This is the same as mine as inspired by Oswald

ldy #0:lda a:clc;7 cycles overhead
adc c:bcc +3:iny:clc;6/9 avg 7.5
adc e:bcc +3:iny:clc
...
sta r0:sty r1;6 cycles overhead

Total: 13+(n-1)*7.5, n is number of zp 8 bit numbers to be added to 16 bit result.
---------------
lft's suggestion (3)

ldy #0:lda a:clc;7
adc c:bcc +3:iny;6/7 avg 6.5
adc c:bcc +3:iny;note that carry wasn't reset so we falsely are +1
...
sty r1;save high byte of result
sec:sbc r1:sta r0;subract all the false carries for the low byte of result
;11

Total: 18+(n-1)*6.5

Note that (2) breaks even with (3) at n=5 or when 6 numbers are added together. With longer sequences, (3) is slightly faster.
---------------
CJ's suggestion (4)

This is a similar but expanded version of my (1)

lda n1;overhead 3
adc n2:bcc n1n2_0;7 per add if carry
clc
n1n2_1 adc n3:bcc n1n2n3_1
...
n1n2_0 adc n3:bcc ...;6 per add if no carry, avg 6.5
...
sta sum
lda #x:adc ...:sta sum+1;eqv. overhead is 13 to be almost exactly
like mine

Total: 13+(n-1)*6.5
can avg to (n-1)*5.5 if you use post correction.

---------------
My timer version (5)

overhead + (n-1)*5.5

Where the overhead is fairly big.

-----------
I only analyzed the low bytes, but it gives some idea of the approaches. (1)/(4) use a large amount of code and rely on the idea that the position in the code encodes the number of carries.

(2)/(3) use a register to track the carries and can be sped up over long runs by post correction of the low byte. The break-even point is at 6 numbers.

Finally (5) requires precise timing but can add long runs quickly. It's the same average speed as (4). It's up to you if you want to have huge code or short code but no screen or interrupts (screen timing could be factored out in some cases but not interrupts).

The differences are very small, from 5.5 to 7.5 per add.

My actual application is in adding the partial sums of large multiplies when using the squares multiply method. For a 32x32 unsigned multiply, there's up to 7 rows of numbers to be added, which is actually 7 subs (from squares subtraction) and 8 adds (previous carry and 7 rows). That's 15 numbers add/sub together with a final carry.

Conclusion: using (3) (with post correction) for most of the adds would be the fastest and convenient, at 6.5 per byte. If you went insane with code size, you could save another 72 cycles or so.

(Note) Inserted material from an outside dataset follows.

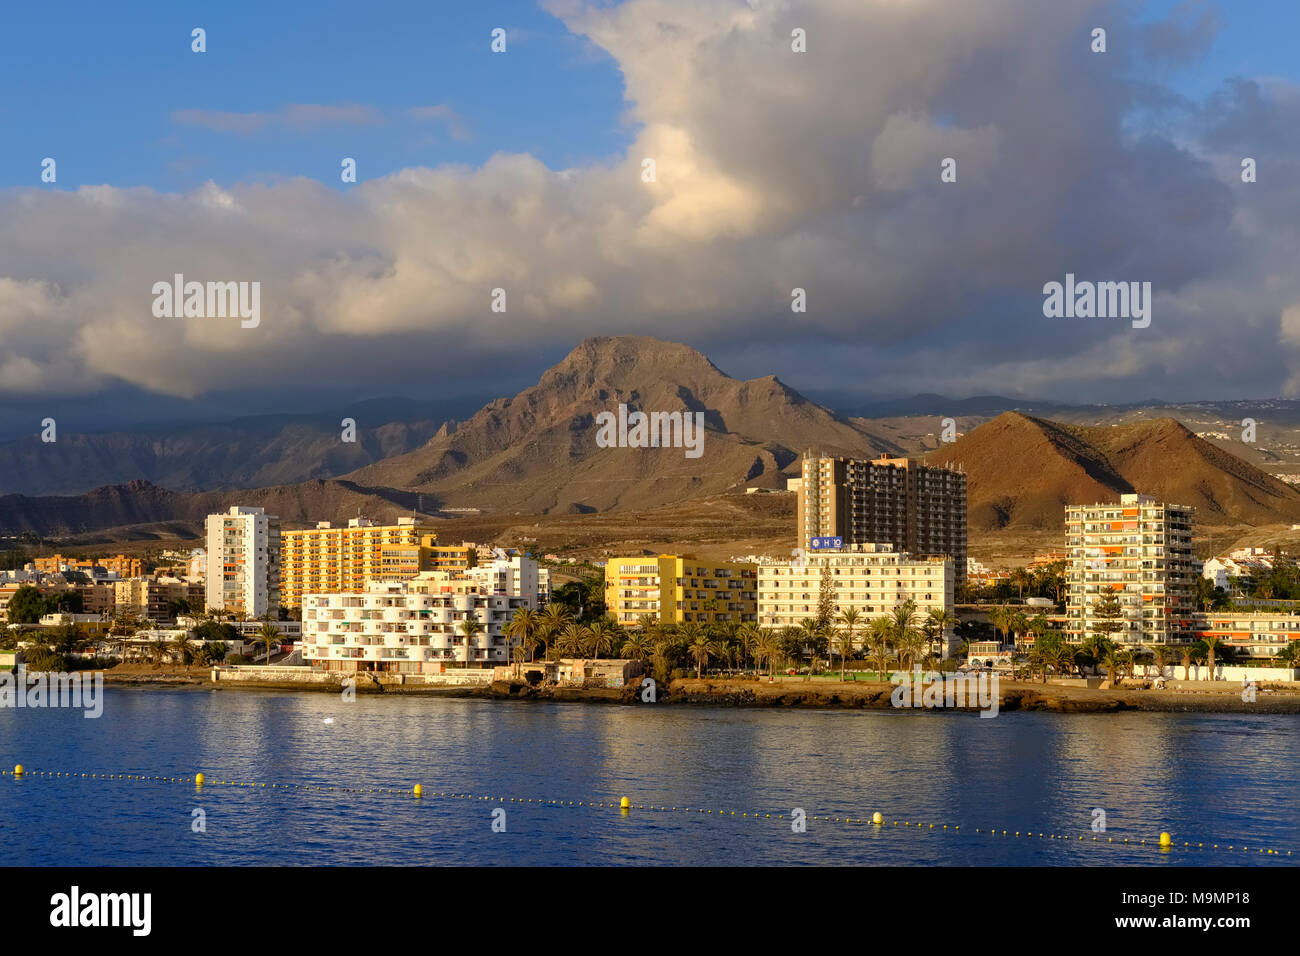 Hotels on the coast, Los Cristianos, Tenerife, Canary Islands, Spain Stock Photo
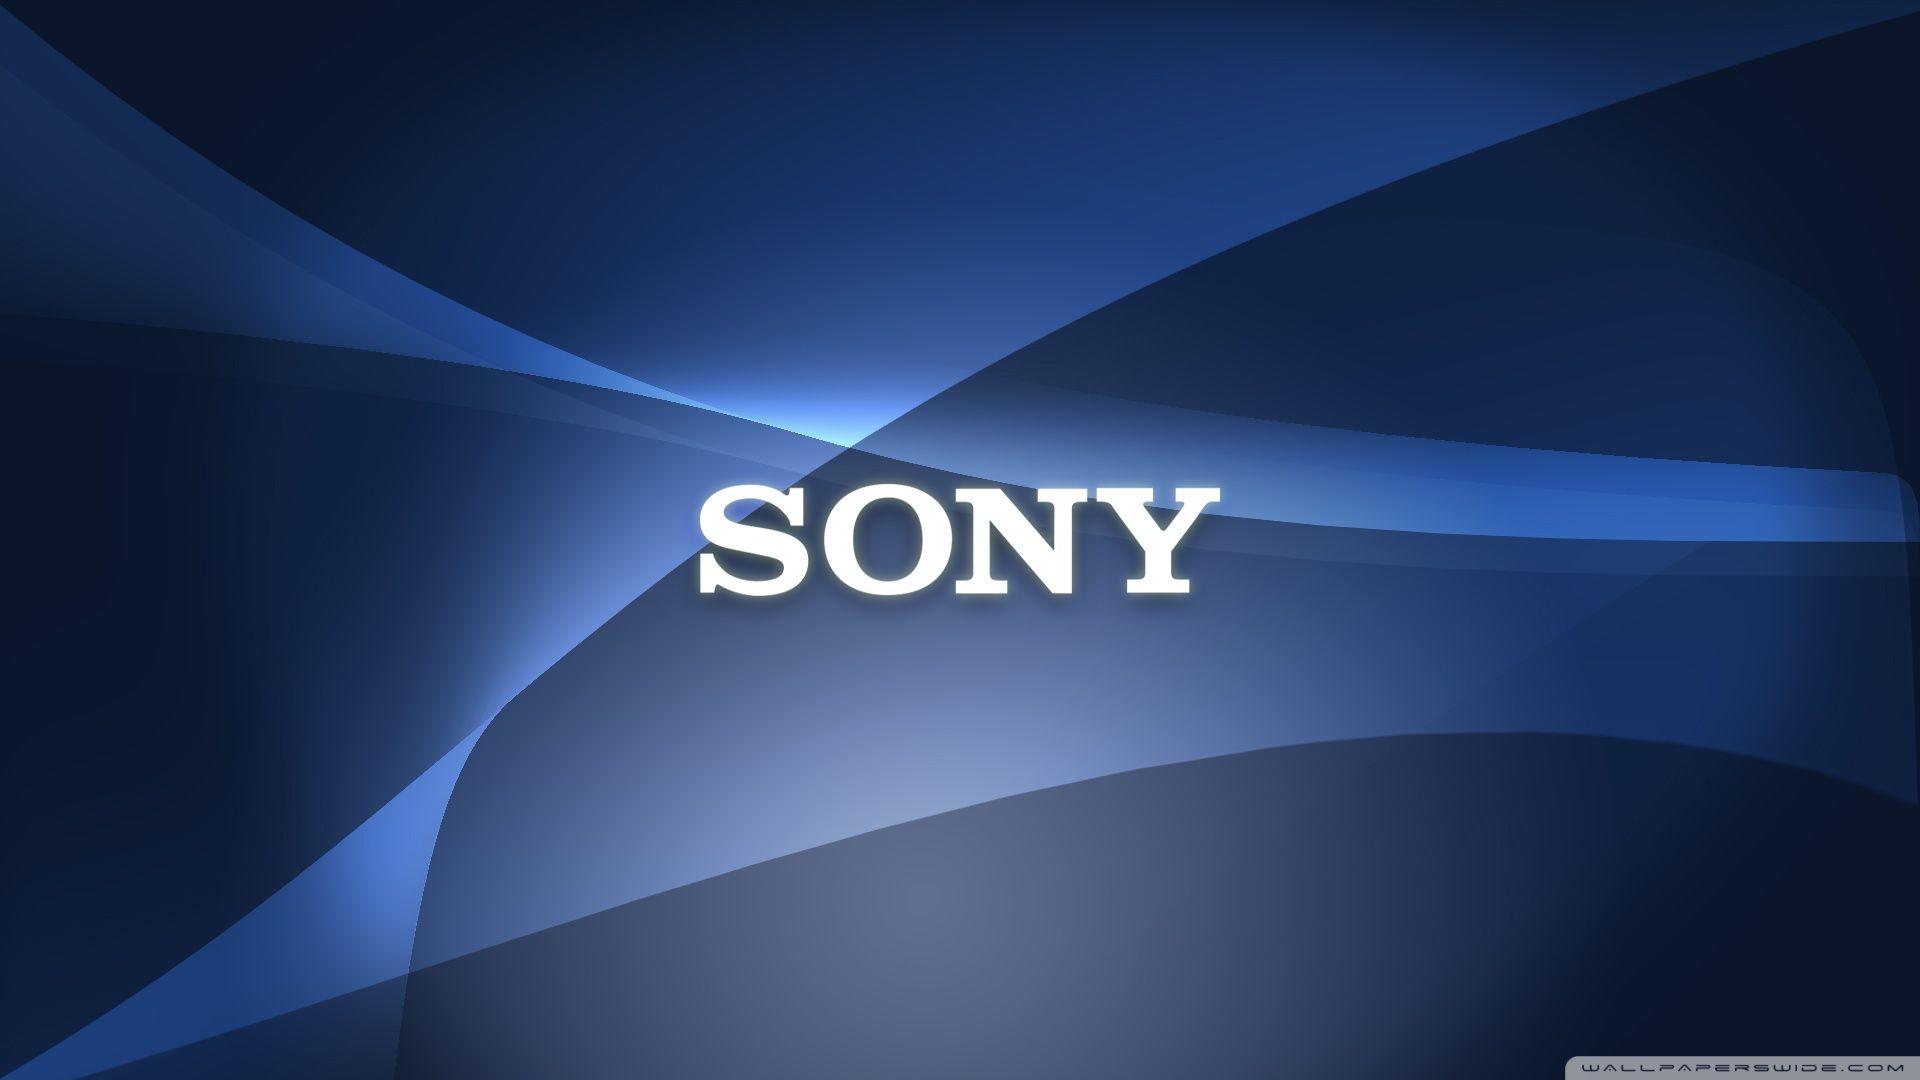 Sony HD Wallpapers - Top Free Sony HD

Estimating how much this would add to the multiply is a little tricky; the numbers themselves are part of the multiply, and the add/subs are integrated into the routine, so it's only the 'extra' part to track the carries that is important, which averages 4.5.
There's about 72 numbers add/sub so at least 324 beyond the usual 38 cycles per multiply.
I'm guessing between 800-1000 cycles in total, which means the c64 can reach 1000flops single precision :)
2017-04-01 00:55
Repose

Registered: Oct 2010
Posts: 225
For comparison, basic is 2300 and http://www.codebase64.org/doku.php?id=base:fast_floating_point_.. is 1300. I haven't estimated the floating point overhead to the multiply, but clearly my routine will be noticeably quicker.

I've also come to conclusions about the order of multiplies, but that's not about adding so I'll update the 'fast large multiplies' thread.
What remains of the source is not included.